Défaut de Masse et E=mc²
D'Où Vient l'Énergie de Liaison ?
Un noyau pèse moins que la somme de ses protons et neutrons libres. C'est le défaut de masse (Δm), et c'est l'origine de l'énergie de liaison nucléaire.
Formule : B = Δm × c² = [Z × m_p + N × m_n − m(noyau)] × 931,5 MeV/u
Exemple : Fer-56 (²⁵⁶Fe, le noyau commun le plus fortement lié)

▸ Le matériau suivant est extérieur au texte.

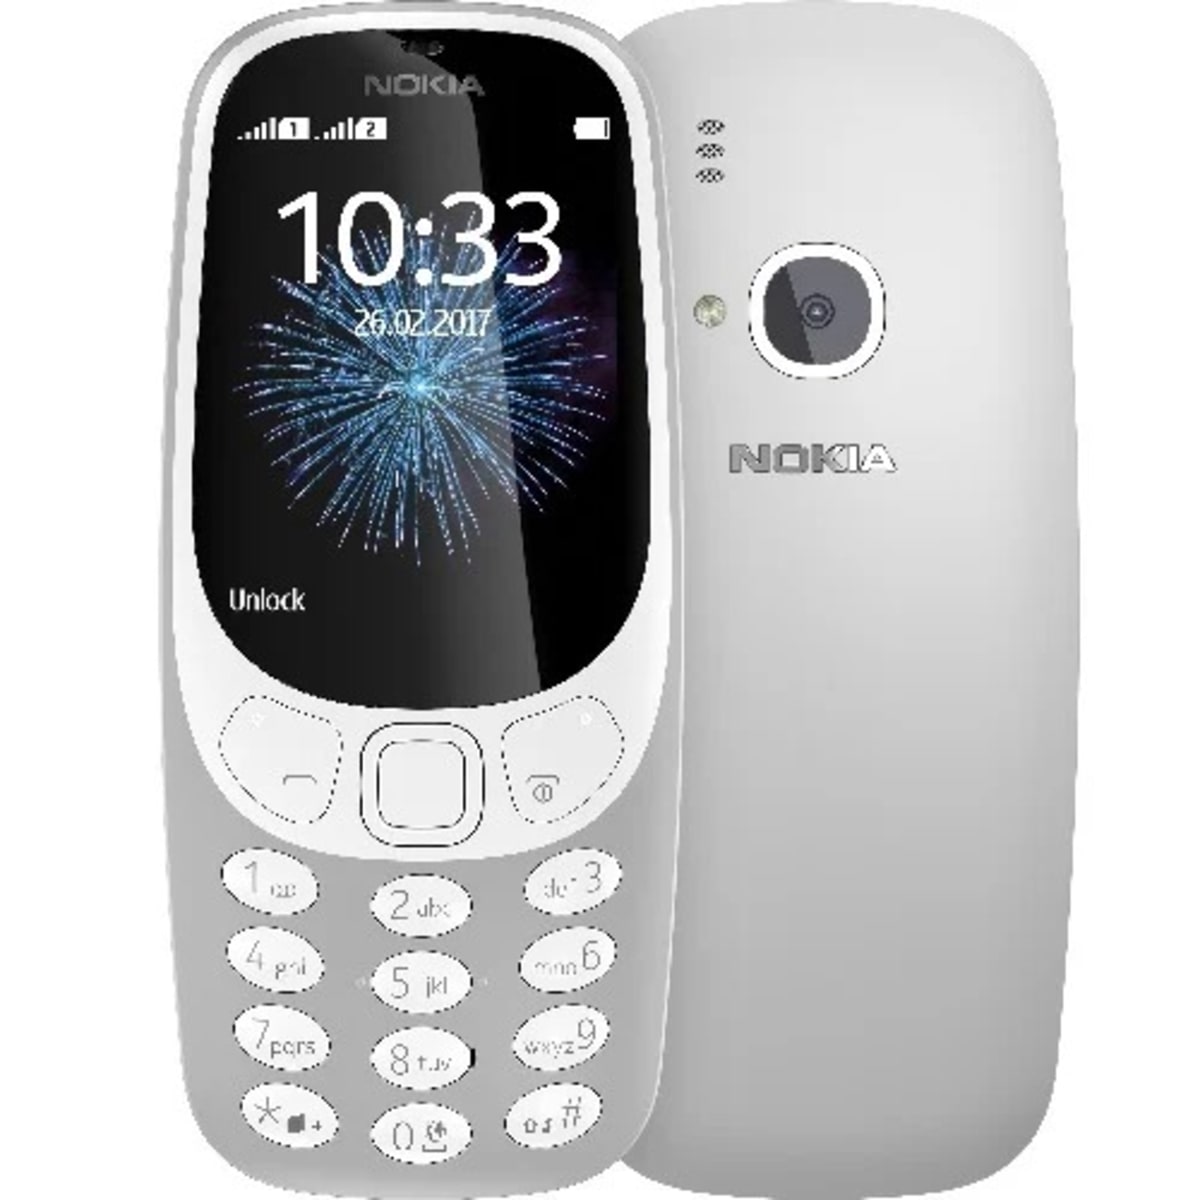 Nokia 3310 - Dual Sim - 2.4 - Camera - Torch - Fm Radio Phone - 1200mAh -  Grey

- Z = 26 protons, N = 30 neutrons
- Masse de 26 protons libres : 26 × 1,007276 u = 26,189 u
- Masse de 30 neutrons libres : 30 × 1,008665 u = 30,260 u
- Somme des nucléons libres : 56,449 u
- Masse mesurée du noyau ⁵⁶Fe : 55,921 u
- Défaut de masse : Δm = 56,449 − 55,921 = 0,528 u
- Énergie de liaison : B = 0,528 u × 931,5 MeV/u = 492 MeV
- Énergie de liaison par nucléon : B/A = 492/56 = 8,79 MeV/nucléon
Exemple : Uranium-235
- Z = 92, N = 143, A = 235
- Somme des nucléons libres : 92 × 1,007276 + 143 × 1,008665 = 236,908 u
- Masse atomique mesurée de ²³⁵U : 235,044 u (soustraire 92 masses d'électrons : 92 × 0,000549 u = 0,0505 u → masse nucléaire ≈ 234,994 u)

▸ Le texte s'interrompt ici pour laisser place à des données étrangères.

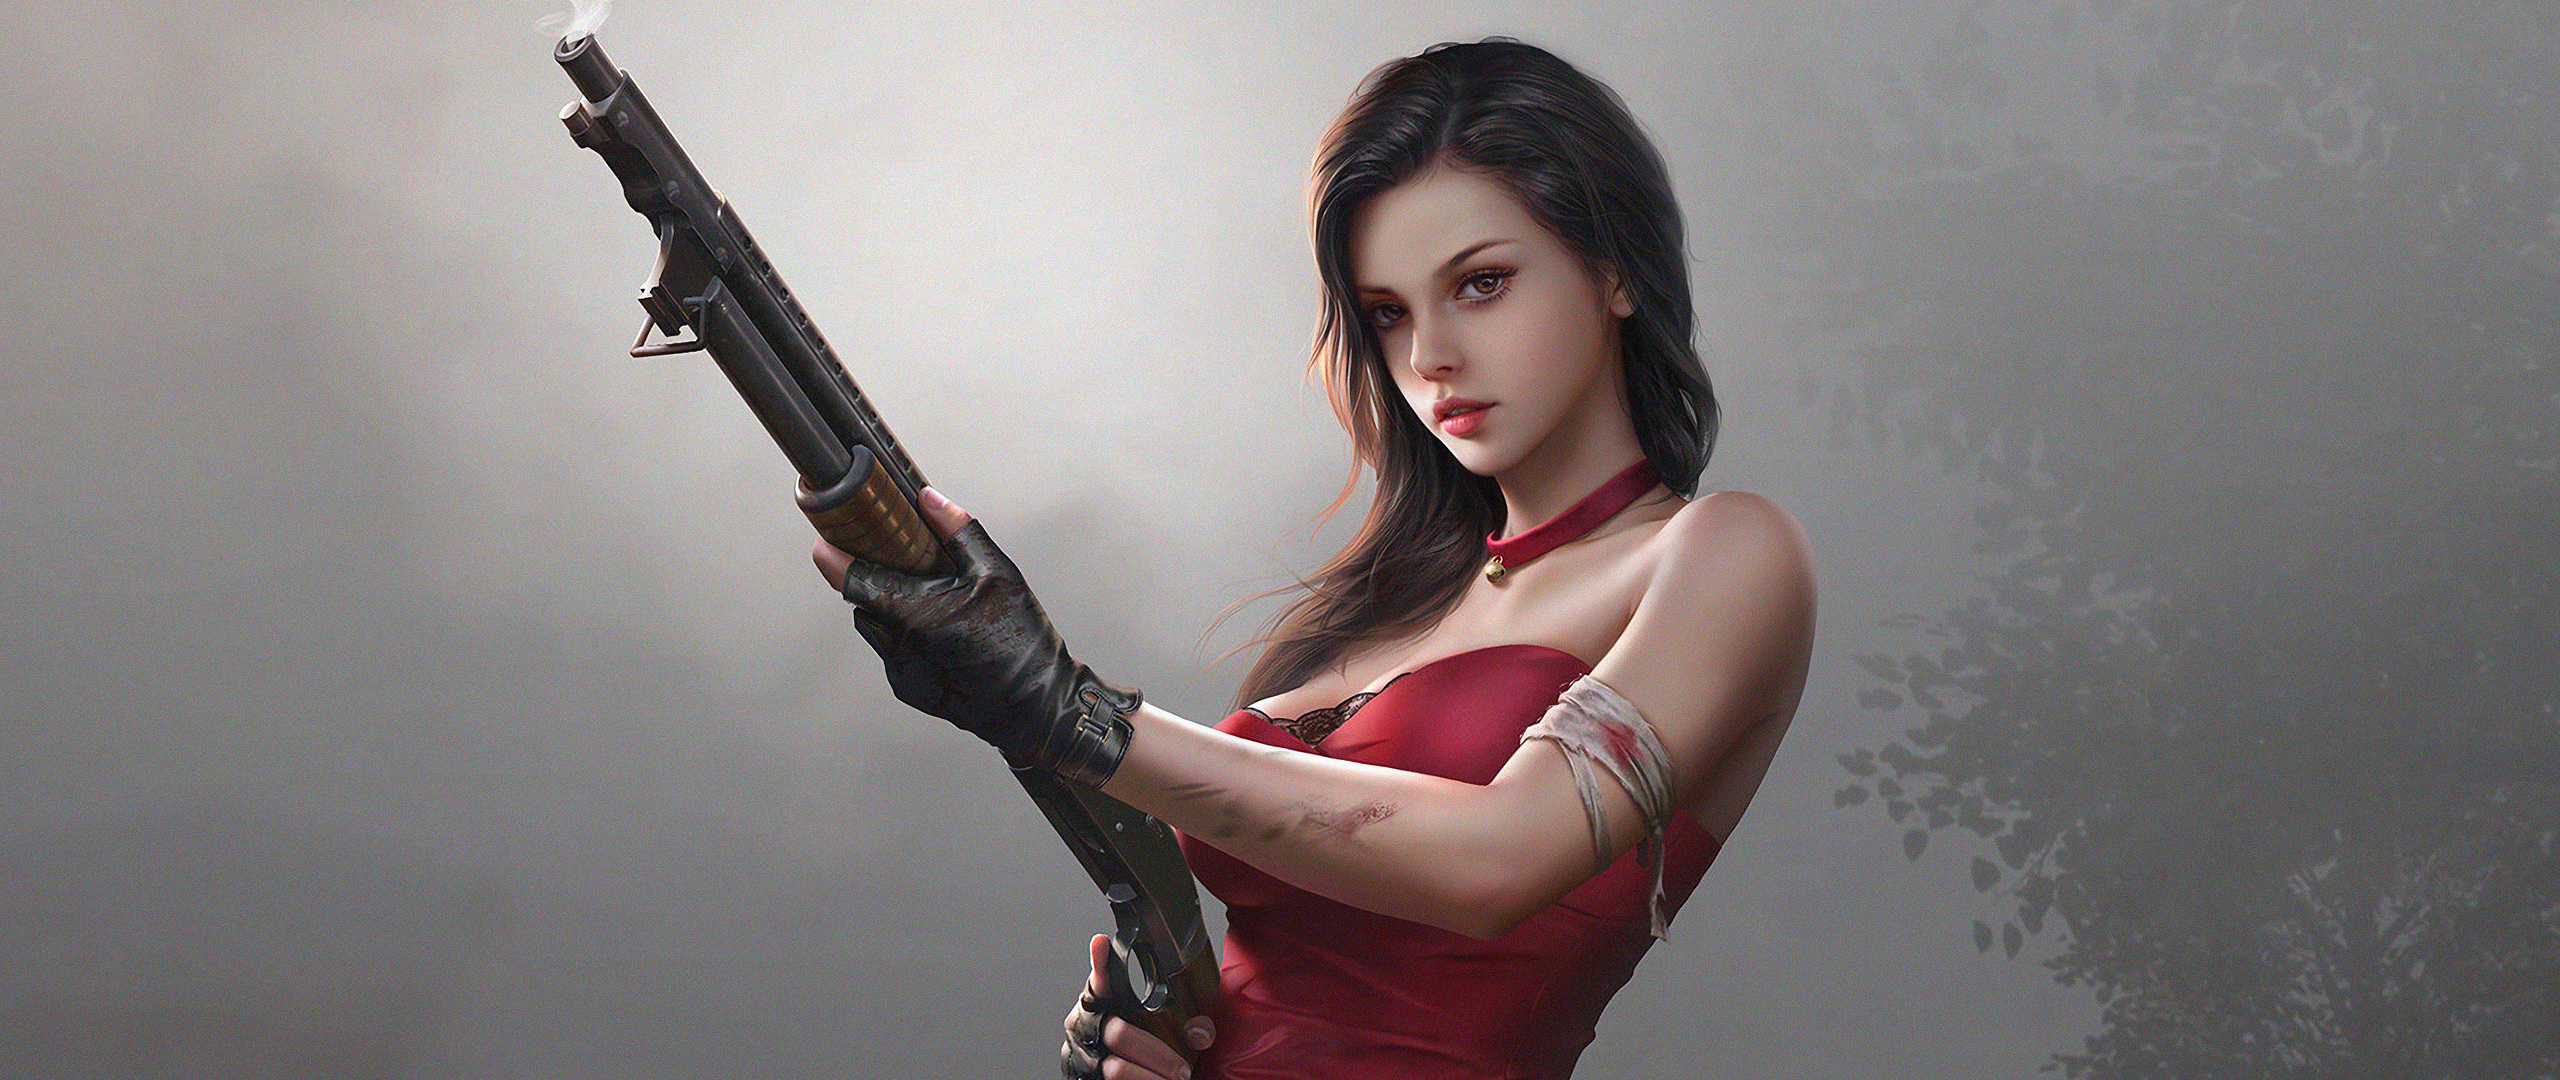 fantasy-girl-in-red-dress-with-gun-4k-lg.jpg

- Défaut de masse : Δm ≈ 236,908 − 234,994 ≈ 1,914 u
- Énergie de liaison : 1,914 × 931,5 ≈ 1 784 MeV total = 7,59 MeV/nucléon
Comparaison : ⁵⁶Fe est plus fortement lié par nucléon que ²³⁵U. C'est la physique derrière laquelle la fission de l'uranium libère de l'énergie : les produits (noyaux de masse moyenne comme le baryum et le krypton) sont plus fortement liés par nucléon que l'uranium.
Courbe d'Énergie de Liaison
Le Graphique le Plus Important en Physique Nucléaire
L'énergie de liaison par nucléon (B/A) tracée en fonction du nombre de masse A révèle toute la logique de l'énergie nucléaire :
Caractéristiques clés de la courbe :
- Montée de A=1 à A~56 : À mesure que les noyaux croissent de l'hydrogène au fer, B/A augmente. Combiner des noyaux légers en plus lourds libère de l'énergie (fusion).
- Pic près de A=56-62 : Le fer-56 (8,79 MeV/nucléon) et le nickel-62 (8,80 MeV/nucléon) se trouvent au pic. Ce sont les noyaux les plus stables : la « cendre » de l'univers issue de la nucléosynthèse stellaire.
- Déclin progressif de A=56 à A=238 : Les noyaux lourds sont moins fortement liés par nucléon que le fer. À mesure que la répulsion coulombienne s'accumule avec chaque proton ajouté, l'énergie de liaison par nucléon chute. Diviser des noyaux lourds en noyaux de masse moyenne libère de l'énergie (fission).
- Bosses notables : Les nombres magiques créent des pics locaux : l'hélium-4 (7,07 MeV/nucléon) se trouve manifestement au-dessus de la tendance pour sa plage de masse.
Énergie libérée dans la fission de U-235 :
U-235 a B/A ≈ 7,59 MeV/nucléon. Les produits de fission typiques (par exemple, Ba-141 et Kr-92) ont B/A ≈ 8,4 MeV/nucléon.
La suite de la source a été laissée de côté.